His eyes held hers, his hand gently moving through her hair. “You should always believe me, Brigit,” he said softly. “For to look upon your face, or into your eyes, and speak lies to you would be impossible for me.” Their bodies seemed to tug at one another until suddenly they were pressed together and he was bending to kiss her. His mouth caught her lips, moving over them. He kissed her long and slow and tenderly. And she melted inside.
When he lifted his head at last, she said, “All right. We’ll do this together.” Her heart felt lighter, and she wondered if she could do it, could put aside what he had done, what he still might do, to her people. Could she forget about all of that just for a little while during this…this truce?
She’d certainly managed to forget it last night. And whenever he kissed her. Or touched her. Or looked into her eyes.
“Tell me now, Brigit. What do you seek upon your…car?” He nodded at her T-Bird.
“Tracking devices or explosives, or anything they might have put on it, if they noticed it parked here and were suspicious.” Seeing his puzzled frown, she explained. “Tracking devices would enable them to follow us, to find us wherever we go.”
“Amazing.”
“Explosives would just blow us to bits—like a beam from your eye.”
“Ah, I see. And have you found any of these things?”
“No, I don’t see anything.” She moved away from him again and took her keys from the hidden magnetic box underneath the rear license plate. Then she hit the button to open the hood. Quickly she moved to the front of the car and leaned in, looking over the spotless engine and again seeing nothing amiss.
She closed the hood, nodding. “I think it’s safe. I don’t feel as if anyone has tampered with it, and I don’t see any evidence that they have, so…”
“So then we go.”
“Yes. We go.” She got behind the wheel. Reaching across, she first slid the passenger seat all the way back, then opened his door from the inside. Utana got in. Then she quickly started up the car, pulled a U-turn and drove on.
It was a huge relief to Utana to have put his merciless, cold-blooded mission aside for a time. He had no intention of breaking his word to Brigit, and was in fact grateful that he had a reason to hold off on carrying out the dictates of the gods.
The blood that already stained his hands was a burden that was rapidly becoming too heavy to bear. He had killed many. Granted, he had come to believe that at least one of Brigit’s claims was utterly true: that his sanity had been eroded by five thousand years of living death. He’d been buried alive, trapped with the ashen remnants of his physical body inside a limestone statue, unable to see or to feel, but conscious.

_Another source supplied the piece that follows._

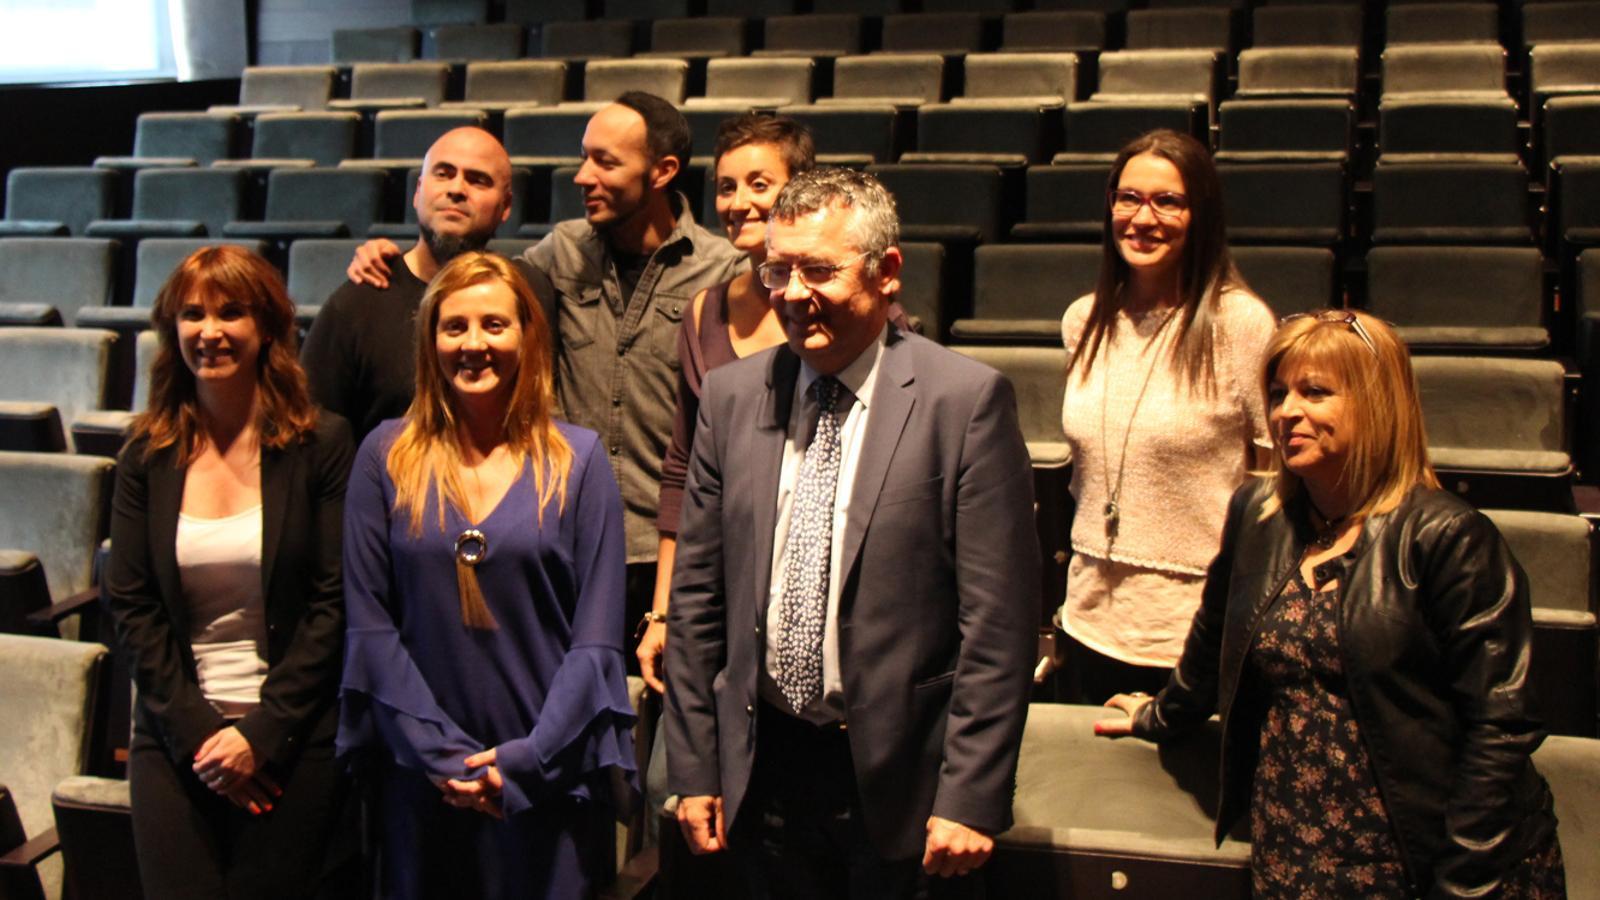 Els nous directors artístics, Mònica Vega, Alfons Casal i Joan Hernàndez, i els integrants de la plataforma ENA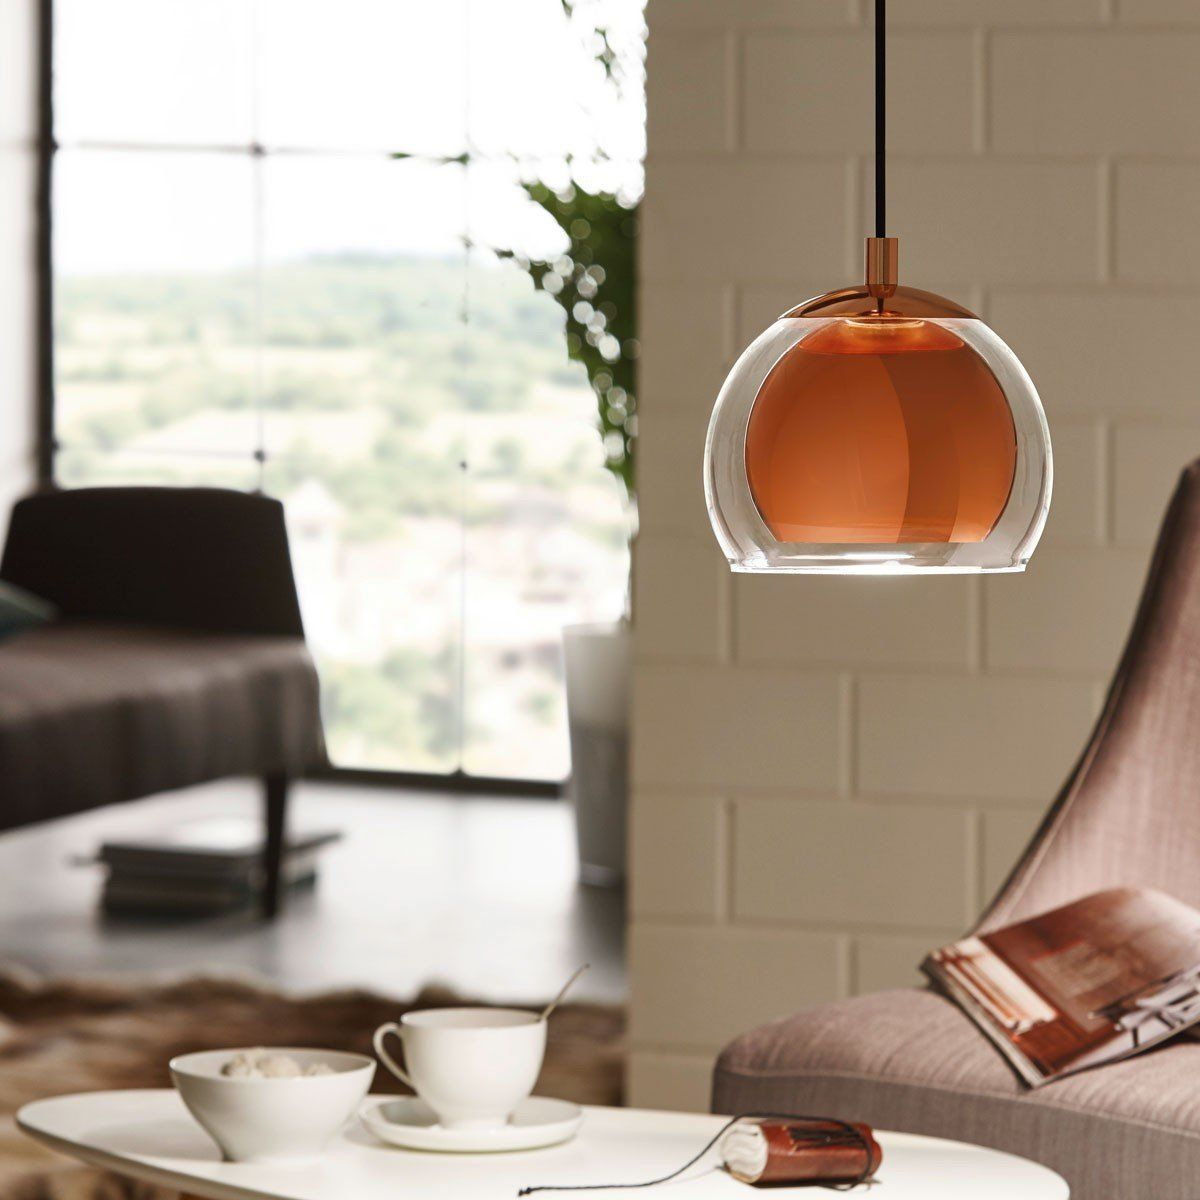 licht trend join pendelleuchte mit klarglas kupfer pendellampe beleuchtung. Black Bedroom Furniture Sets. Home Design Ideas

And only later, thousands of maddening years later, when the statue had been unearthed by modern man, had he discovered that he could still hear.
And he’d heard so much.
People had come and gone in the various museums where the statue had eventually ended up on display. He’d heard their conversations, their arguments, their whispered confessions to one another. He’d been moved from nation to nation, had listened to people speaking in tongues he had never heard before. And he had absorbed the languages, one and all, learned them, listened and tried to make sense of every word and line that was spoken. Gods knew he’d had little else to fill the void of time.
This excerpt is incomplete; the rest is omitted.